Class SpellChecker

java.lang.Object
org.apache.lucene.search.spell.SpellChecker
All Implemented Interfaces:
Closeable, AutoCloseable

public class SpellChecker extends Object implements Closeable
Spell Checker class (Main class).
(initially inspired by the David Spencer code).

Example Usage:

  SpellChecker spellchecker = new SpellChecker(spellIndexDirectory);
  // To index a field of a user index:
  spellchecker.indexDictionary(new LuceneDictionary(my_lucene_reader, a_field));
  // To index a file containing words:
  spellchecker.indexDictionary(new PlainTextDictionary(new File("myfile.txt")));
  String[] suggestions = spellchecker.suggestSimilar("misspelt", 5);
 
  • Field Details

  • Constructor Details

    • SpellChecker

      public SpellChecker(Directory spellIndex, StringDistance sd) throws IOException
      Use the given directory as a spell checker index.
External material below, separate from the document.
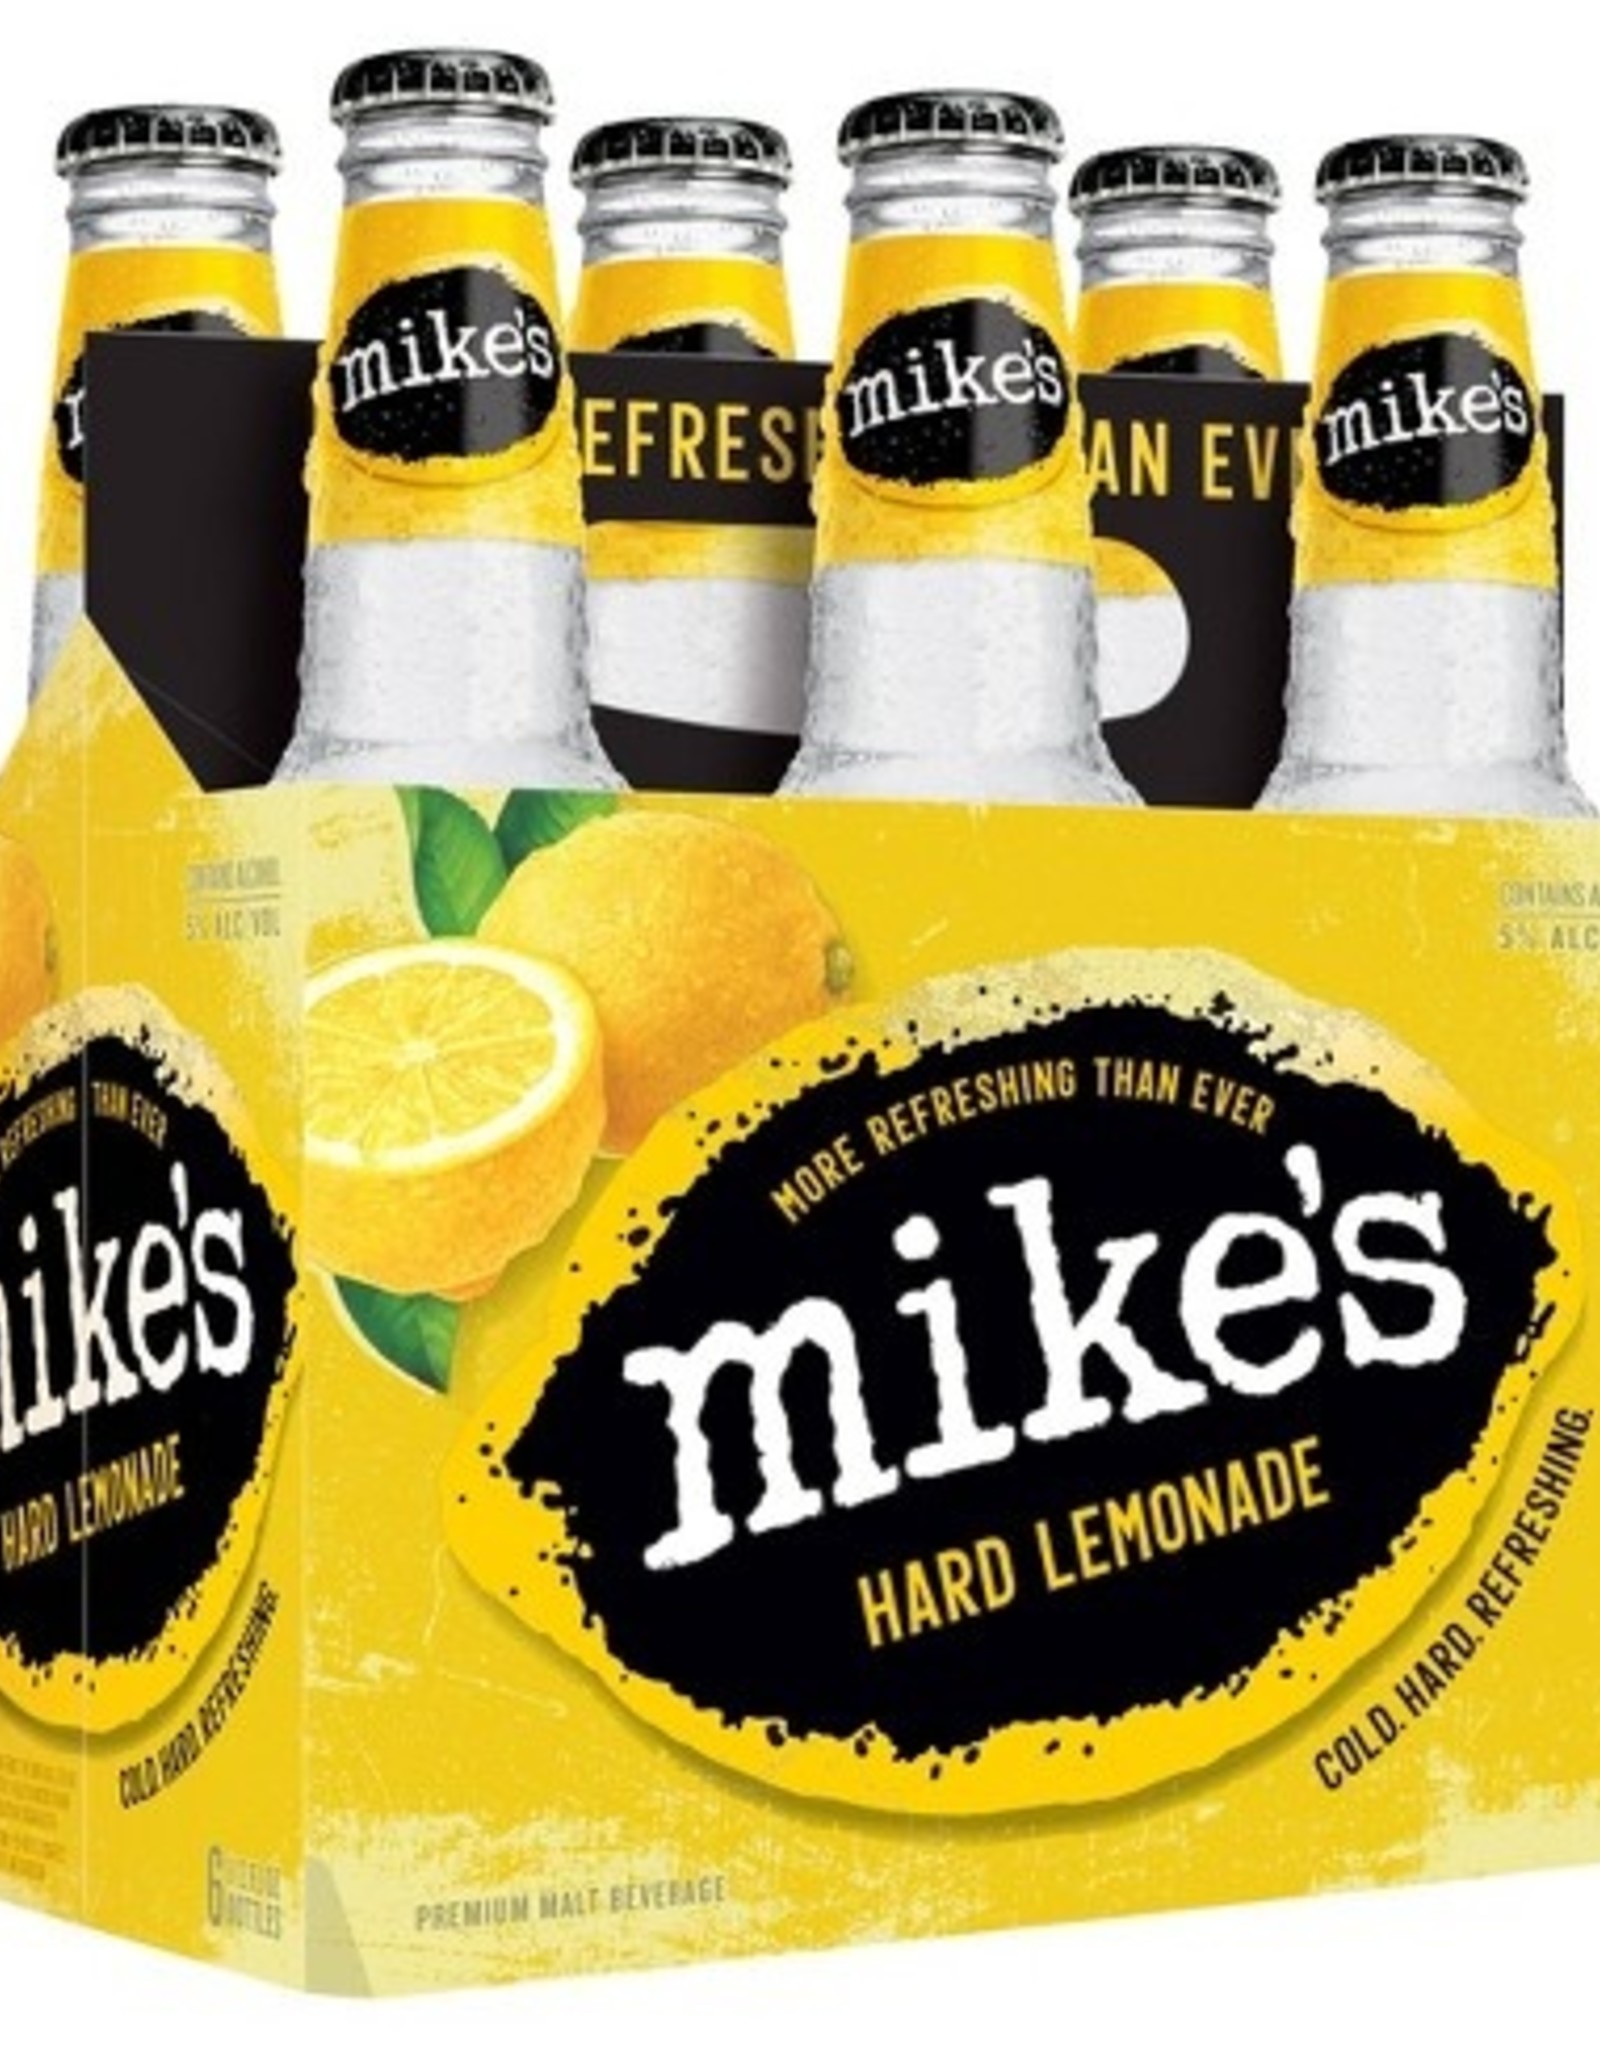 Mike's Hard Lemonade 6x12 oz bottles

The directory is created if it doesn't exist yet.
      Parameters:
      spellIndex - the spell index directory
      sd - the StringDistance measurement to use
      Throws:
      IOException - if Spellchecker can not open the directory
    • SpellChecker

      public SpellChecker(Directory spellIndex) throws IOException
      Use the given directory as a spell checker index with a LevenshteinDistance as the default StringDistance. The directory is created if it doesn't exist yet.
      Parameters:
      spellIndex - the spell index directory
      Throws:
      IOException - if spellchecker can not open the directory
    • SpellChecker

      public SpellChecker(Directory spellIndex, StringDistance sd, Comparator<SuggestWord> comparator) throws IOException
      Use the given directory as a spell checker index with the given StringDistance measure and the given Comparator for sorting the results.
      Parameters:
      spellIndex - The spelling index
      sd - The distance
      comparator - The comparator
      Throws:
      IOException - if there is a problem opening the index
  • Method Details

    • setSpellIndex

      public void setSpellIndex(Directory spellIndexDir) throws IOException
      Use a different index as the spell checker index or re-open the existing index if spellIndex is the same value as given in the constructor.
      Parameters:
      spellIndexDir - the spell directory to use
      Throws:
      AlreadyClosedException - if the Spellchecker is already closed
      IOException - if spellchecker can not open the directory
    • setComparator

      public void setComparator(Comparator<SuggestWord> comparator)
      Sets the Comparator for the SuggestWordQueue.
      Parameters:
      comparator - the comparator
    • getComparator

      public Comparator<SuggestWord> getComparator()
      Gets the comparator in use for ranking suggestions.
      See Also:
    • setStringDistance

      public void setStringDistance(StringDistance sd)
      Sets the StringDistance implementation for this SpellChecker instance.
      Parameters:
      sd - the StringDistance implementation for this SpellChecker instance
    • getStringDistance

      public StringDistance getStringDistance()
      Returns the StringDistance instance used by this SpellChecker instance.
      Returns:
      the StringDistance instance used by this SpellChecker instance.
    • setAccuracy

      public void setAccuracy(float acc)
      Sets the accuracy 0 < minScore < 1; default DEFAULT_ACCURACY
      Parameters:
      acc - The new accuracy
    • getAccuracy

      public float getAccuracy()
      The accuracy (minimum score) to be used, unless overridden in suggestSimilar(String, int, IndexReader, String, SuggestMode, float), to decide whether a suggestion is included or not.
      Returns:
      The current accuracy setting
    • suggestSimilar

      public String[] suggestSimilar(String word, int numSug) throws IOException
      Suggest similar words.

      As the Lucene similarity that is used to fetch the most relevant n-grammed terms is not the same as the edit distance strategy used to calculate the best matching spell-checked word from the hits that Lucene found, one usually has to retrieve a couple of numSug's in order to get the true best match.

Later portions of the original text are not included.